Passers-by look for the phantom railings in Malet Street.

An iron railing is a fence made of iron. This may either be wrought iron, which is ductile and durable and may be hammered into elaborate shapes when hot, or the cheaper cast iron, which is of low ductility and quite brittle. Cast iron can also produce complicated shapes, but these are created through the use of moulds of compressed sand rather than hammering, which would be likely to damage the iron.

==History==
One of the earliest uses of cast iron railings in England was in 1710–14 at St Paul's Cathedral, despite the objections of Christopher Wren, who did not want a fence around the Cathedral at all, and said that if there had to be one it should be of wrought rather than cast iron. The set was made at Gloucester Furnace, Lamberhurst, in the Weald of Kent and surrounded the cathedral, including seven gates. It weighed two hundred tons and cost six pence a pound. The total cost was £11,202 which was a fortune then. No further railings are known to have been cast in the Weald. Other early uses of cast iron railings were at Cambridge Senate House and at St Martin-in-the-Fields, London.
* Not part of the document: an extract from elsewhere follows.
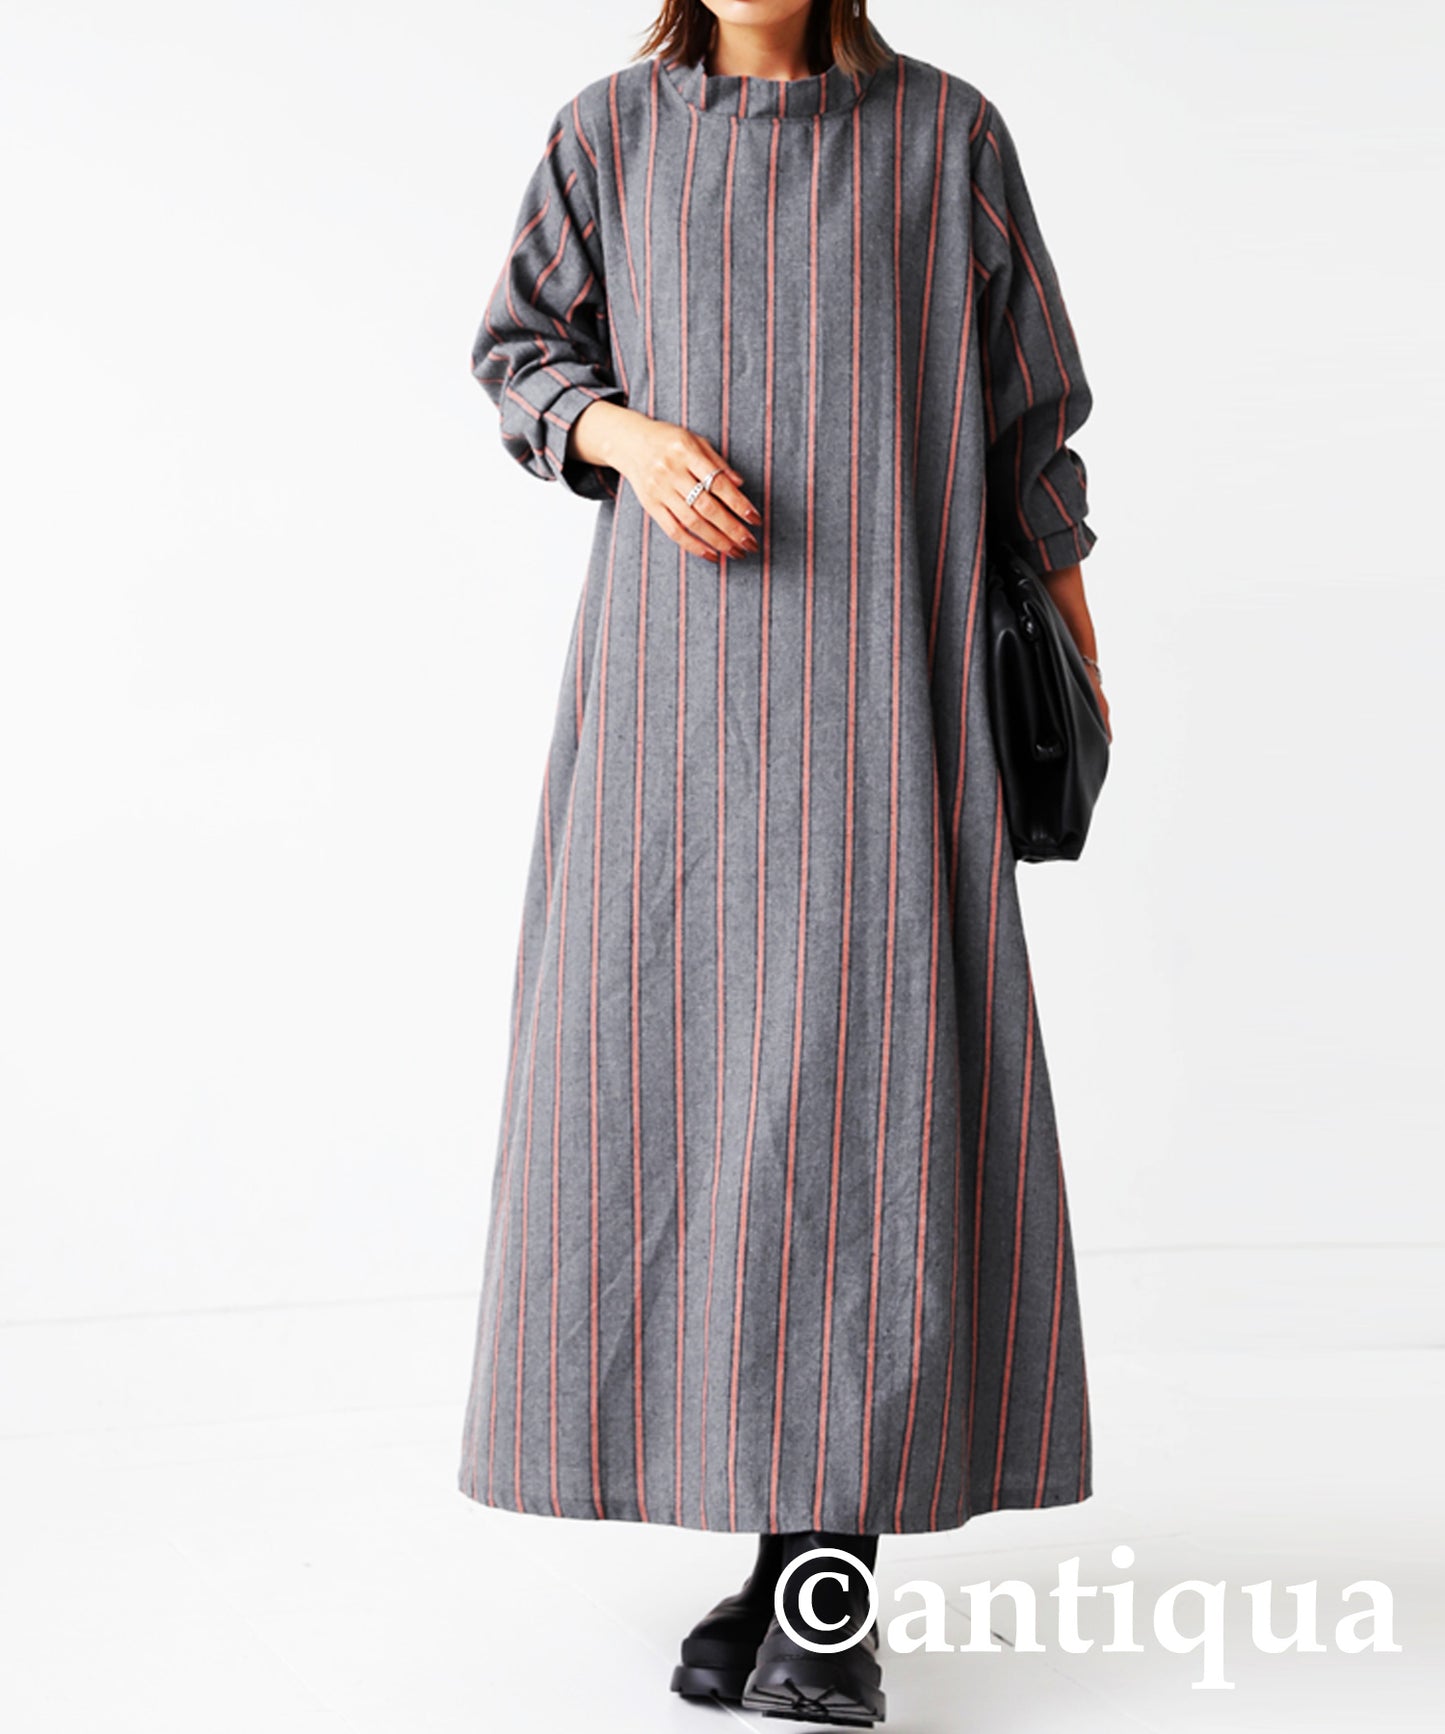 Ladies casual long dress long sleeve vertical stripe

Wrought iron may be used to construct ornate railings. The Davies brothers of Wrexham made such railings in the 18th century and these are much admired — Nikolaus Pevsner described their work as "miraculous". They made fine wrought iron railings for Stansty Park and these may now be seen at Erddig Hall.

During the summer of 1941, during World War II, the United States stopped exporting scrap metal to the UK. The government declared, in response, that all unnecessary metal, including railings and gates, was to be removed, melted down and utilised for the war effort. Many sets of iron railings in Britain were removed. Railings were usually cut off at the base; the stubs may still be seen outside many buildings in London and elsewhere where they have never been replaced. This was supposedly to provide scrap metal for munitions, but there is some scepticism as to whether they were actually used for this purpose.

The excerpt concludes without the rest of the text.